─── Collected data ───

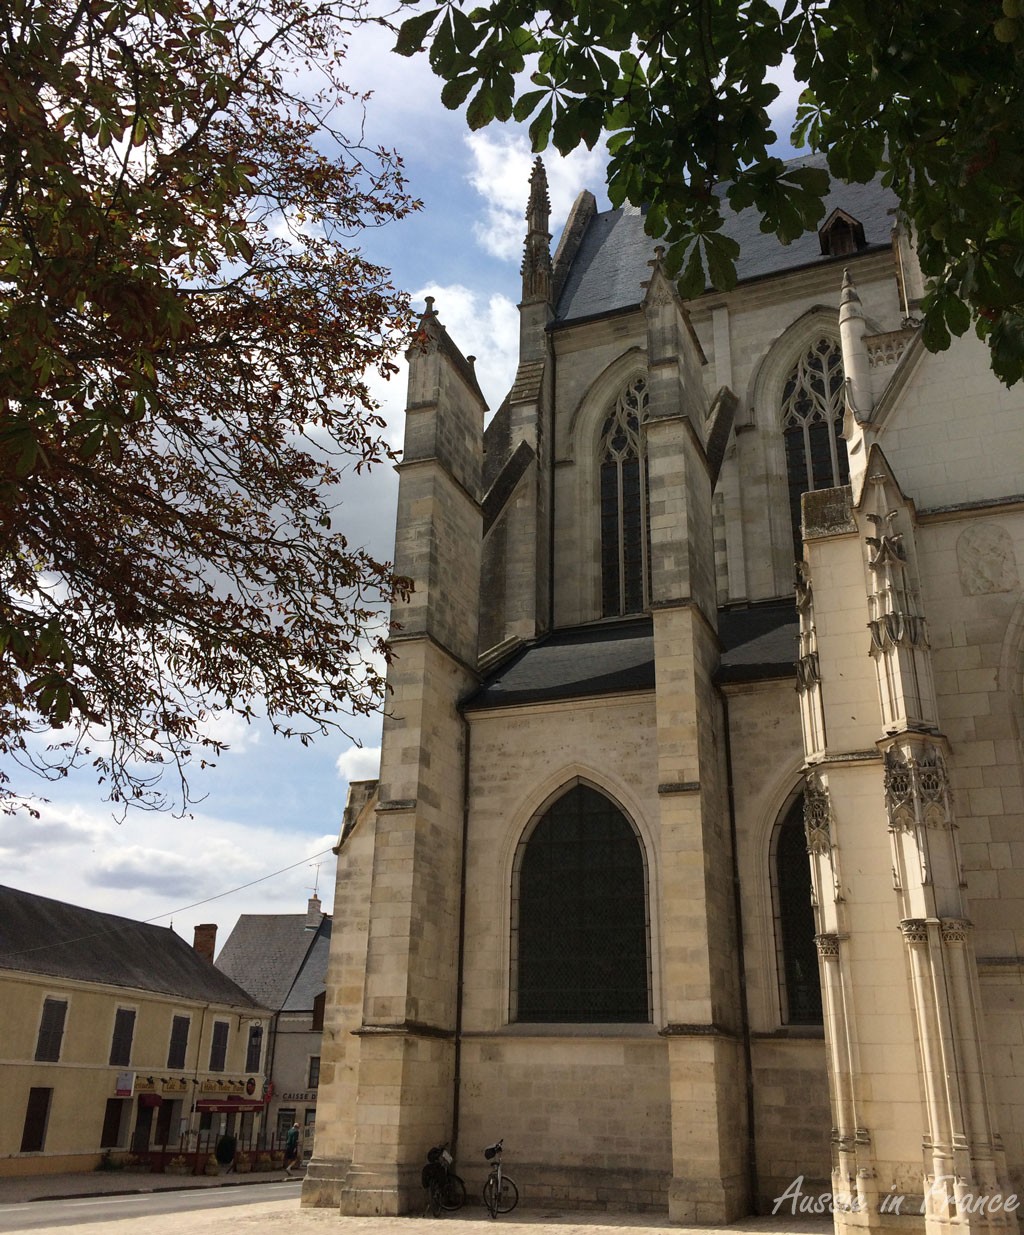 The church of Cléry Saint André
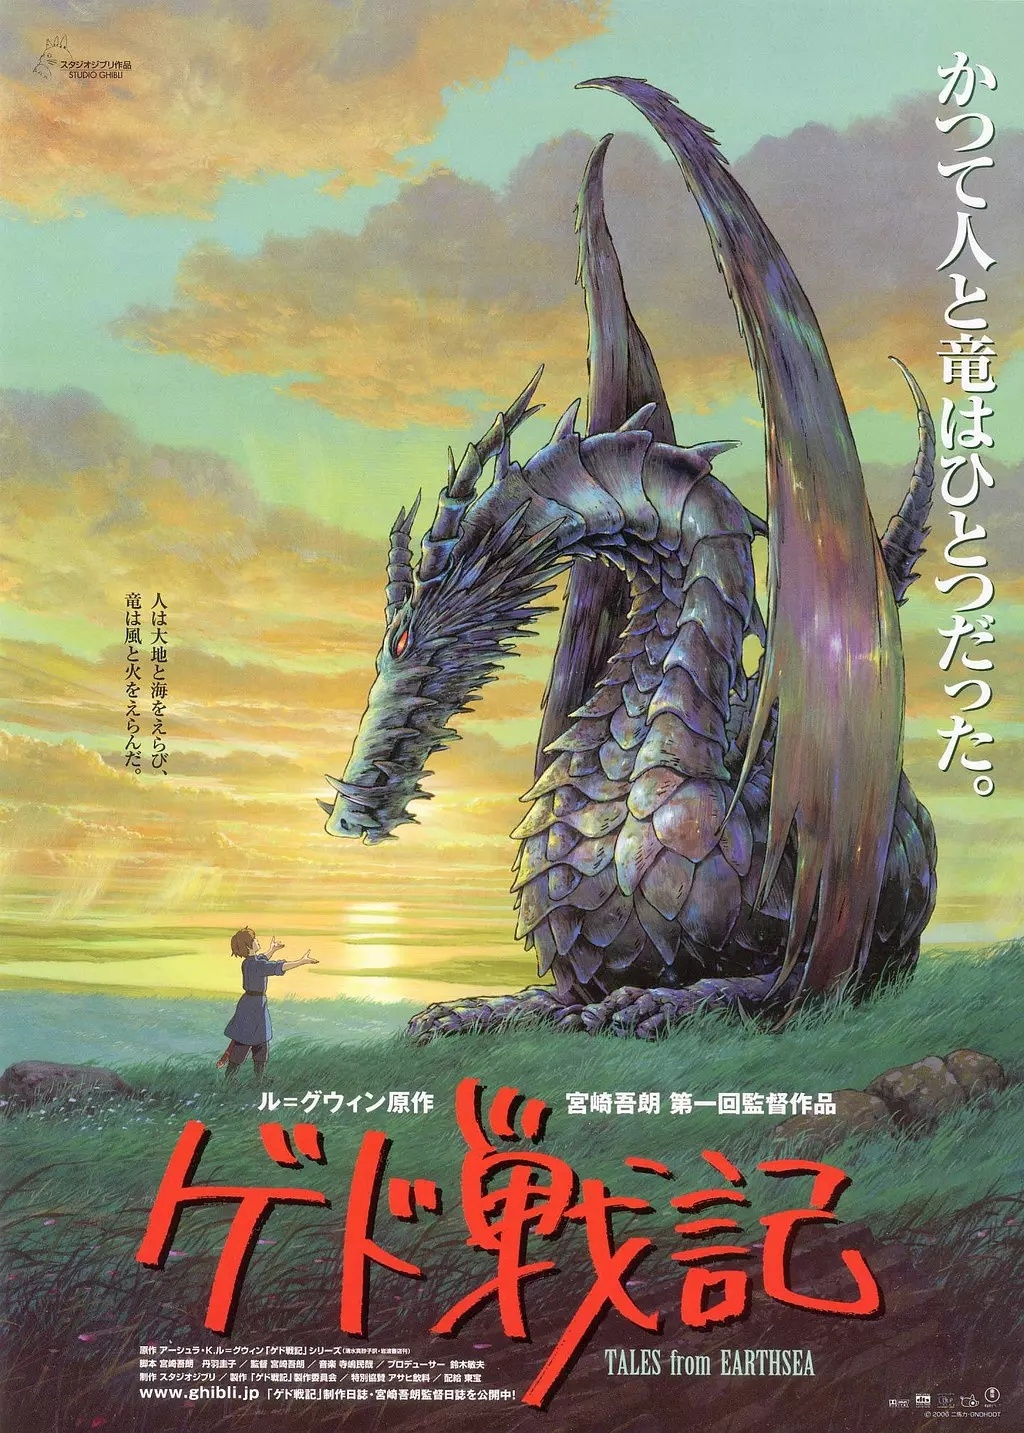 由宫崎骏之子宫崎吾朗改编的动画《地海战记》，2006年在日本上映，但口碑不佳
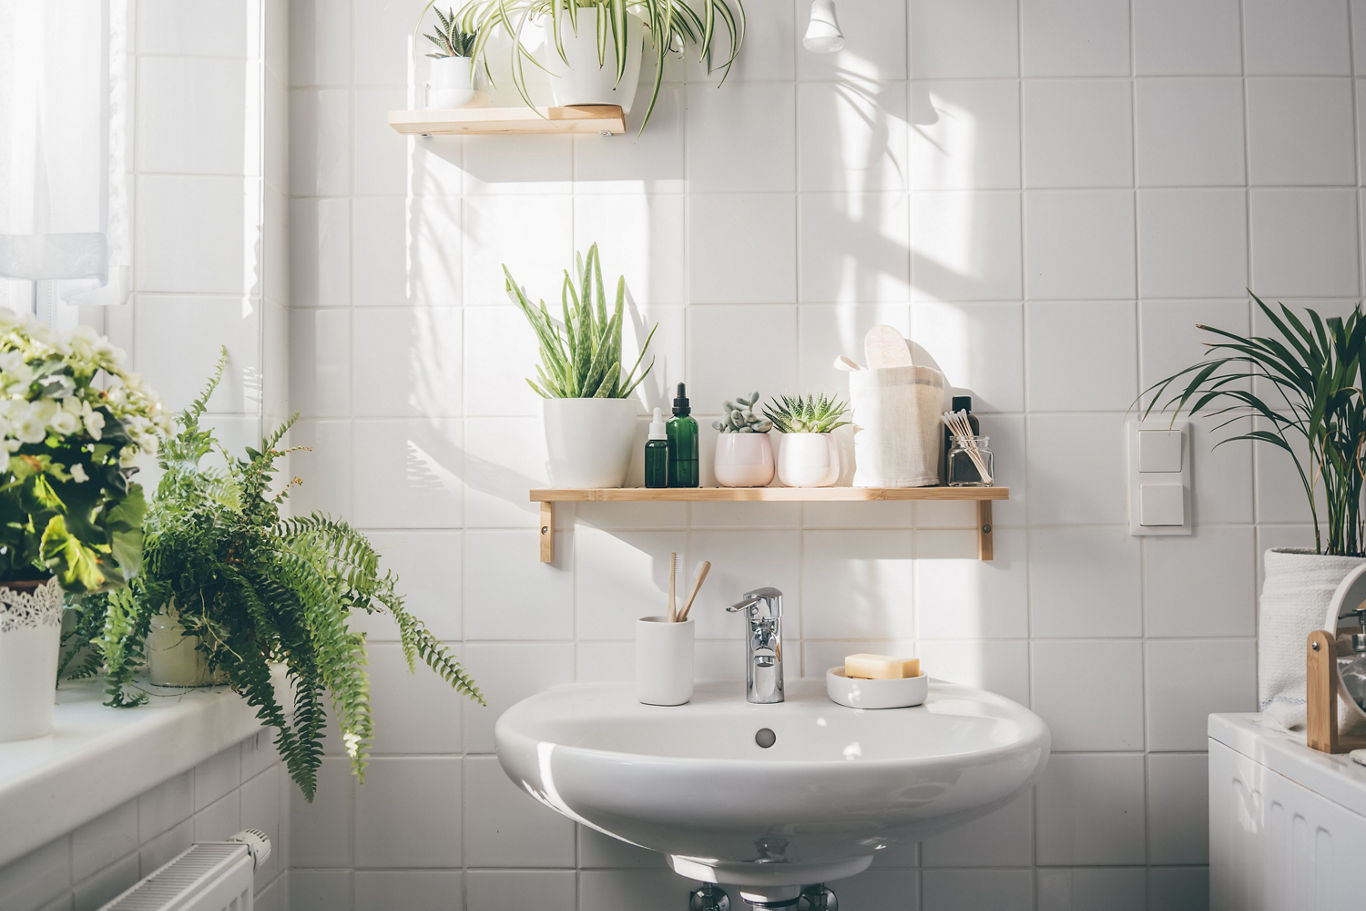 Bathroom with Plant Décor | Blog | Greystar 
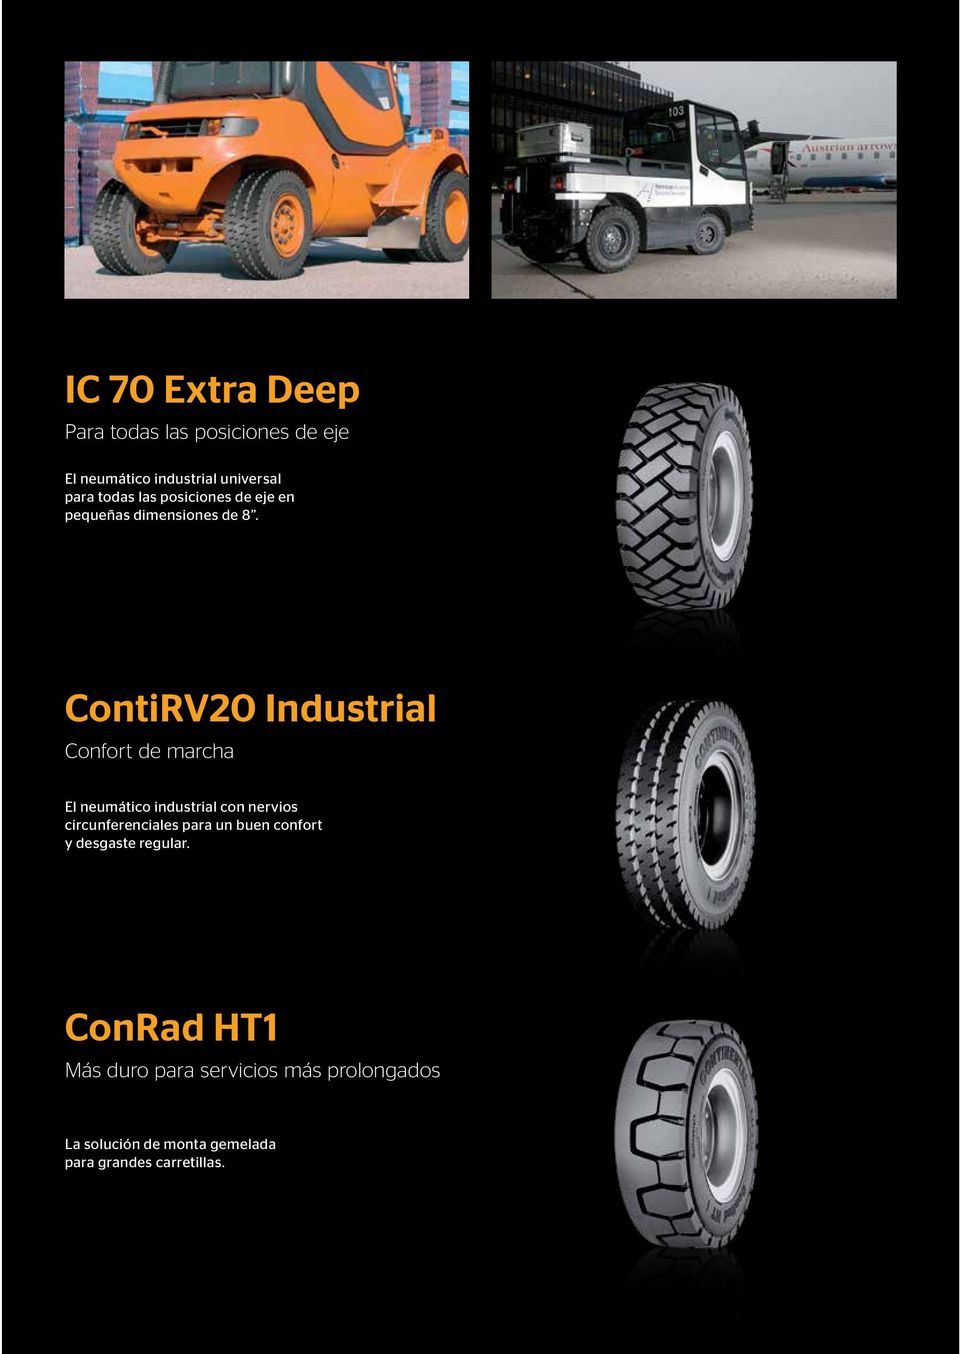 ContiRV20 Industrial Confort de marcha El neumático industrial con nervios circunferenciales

───

**Exercise prompt**
Reproduce word for word the lines from the line holding "由宫崎骏之子宫崎吾朗改编的动画《地海战记》，2006年在日本上映，但口碑不佳" through the last line of the material above, inclusive, and keep pictures out of it.

**Reply to the task**
 由宫崎骏之子宫崎吾朗改编的动画《地海战记》，2006年在日本上映，但口碑不佳
 Bathroom with Plant Décor | Blog | Greystar 
 ContiRV20 Industrial Confort de marcha El neumático industrial con nervios circunferenciales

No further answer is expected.